Hacker News new | ask | show | jobs
by beoberha 767 days ago
From the website linked in the readme:

“A lot of research has been doing in this are and we can expect a lot more in 2024 in this space. I promise to share some clarity around where I think this industry is headed. In personal talks I have warned that multi-agent systems are complex and hard to get right. I've seen little evidence of real-world use cases too”

These assistant systems fascinate me, but I just don’t have the time and energy to set something up. I was going to ask if anyone had a good experience with it, but the above makes it sound like there’s not much hope at the moment. Curious what other people’s experience are.

4 comments

We tried using a multi-agent system for a complex NLP-type task and we found:

- Too many errors that just propogate on top of each other, if a single agent in the chain generates something even a little bit off then the whole system goes off the rails.

- You often end up having to pass a massive amount of shared context to every agent which just increases the cost dramatically.

Curiously enough we had an architect from OpenAI tell us the same thing about agent systems a few days ago (our company is a big spender so they serve a consulting function), so I don't think anybody is really finding success with multi-agent systems currently. IMO the core tech is nowhere near good enough yet.

> Too many errors that just propogate on top of each other

LLMs are like the perfect improv comedy troupe, they virtually always say “yes, and…”

> perfect improv comedy troupe

Check out Vtubers like CodeMiko, who improvs against LLM agents. Or 24/7 streaming LLM cartoon shows that take audience plot suggestions.

we do multistep programs in louie.ai via a variety of agents/tools, like "get X data from DB Y, wrangle cols A+B in Python, and then draw an interactive map + graph"

The ultimate answer is fairly short if you are a senior python data scientist, like 50loc. The agents will wander and iterate until they push through. You might correct & tweak if a bit off.

Importantly, this does agents opposite of the way Devin AI engineer replacements are presented. Here, you get it to do a few steps, and then move on to the next few steps. The agents still crank away a ton and do all sorts of clever things for you... to get you more reliably to the next step, vs something big & wrong.
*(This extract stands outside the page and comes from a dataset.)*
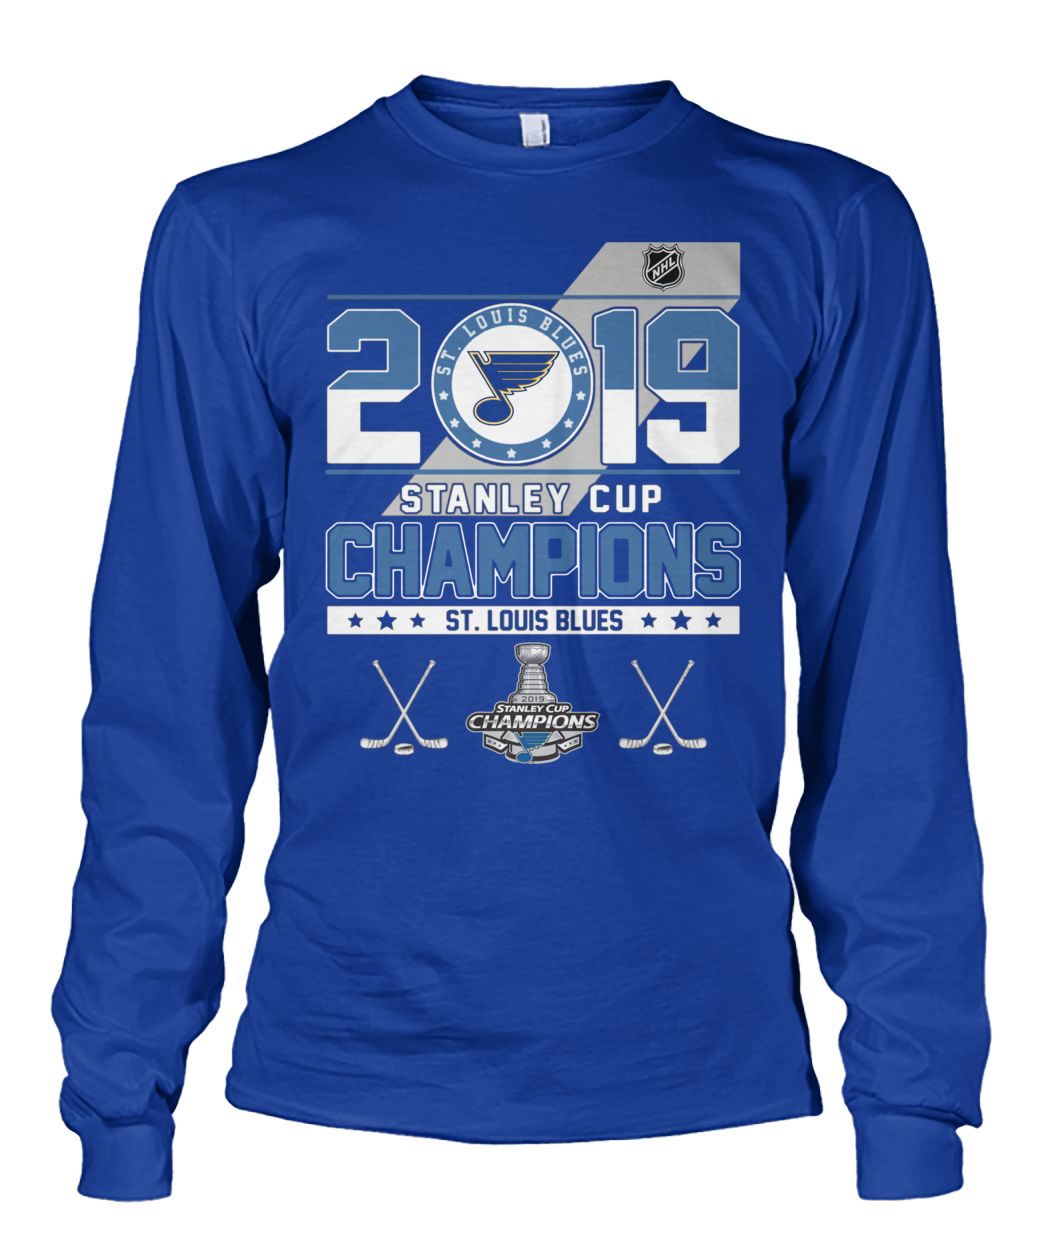 2019 st louis blues stanley cup champions unisex long sleeve

So the human is like a reviewer, coming in, checking things, tweaking etc, then sending it back to the machine? (At which point the cycle continues)
Yes, imagine data analysis scenarios like Excel users or Jupyter notebooks, or operational investigations like user 360's and security incidents. Just now defaulting to natural language and connected to your data silos and a variety of analytics tools & libraries.

We try to make the generated code and backing data explainable. Users are figuring out the scenario by having the AI go ahead for them, and automating much of the debug loop in typical coding and investigations, so folks can focus more on the analysis, less on syntax, schemas, libraries, and be more ambitious on each step.

Importantly, it is still kind of like making a much more accessible Jupyter notebook or editable excel/doc, vs a linear chat session. Instead of generating the whole notebook and it being buggy and you starting over (~= Devin, or notebook.io's ChatGPT plugin), you drive it forward only 1-3 cells at a time, and as it is an interactive document so you can edit those, go to the next, or non-destructively edit earlier ones. In contrast, ChatGPT's data assistant deletes cells below the current edit, which would stink in a normal data env.

There are other differences, but from a perspective of using genAI well, we budget 3-60s for genAI assisting in 1-3 steps, aiming for 10-100x productivity wins and a lot more peace of mind during it. Taking 1-3 steps forward may mean the AI takes 3-10 internally due to backtracking / CoT / etc

We could let the system take 100 turns, and have interesting experiments there such as around security investigations, but the use cases become more niche due to cascading errors => reliability.

Thanks @beoberha, I am too. I like one take I heard on Twitter. The sentiment was something like these types of systems are useful under the AI-Powered Productivity industry which has incremental gains, no big bangs. Said another way, if your job was to help a TON of your employees be more productive individually, it is worth it because companies measure those efforts broadly and the payoff is there. But again, not big. My advice for folks to stay lower level and hook AI automation up with simple, closed loop, LLM patterns that feel more like basic API calls in a choreographed manner. OMG, hope all that made sense
that's actually a great reply, thanks
A lot of folks I've spoken with say that single-agent systems are still extremely limited, let alone multi-agent platforms. In general, it seems to boil down to:

- Agents need lots of manual tuning and guardrails to make them useful

- Agents with too many guardrails are not general-purpose enough to be worth the time and effort to build

I believe truly great agents will only come from models whose weights are dynamically updated. I hope I'm wrong.

By the time you do get around to it OpenAi would have built a full interface for this. This is the type of stuff that’s gonna get steamrolled.
I'm impatiently waiting to become the ultimate armchair music video director I've always dreamed of once this video AI thing rolls out...
Pretty much this. I'd love counter examples of startups in the space that haven't been crushed from the top yet.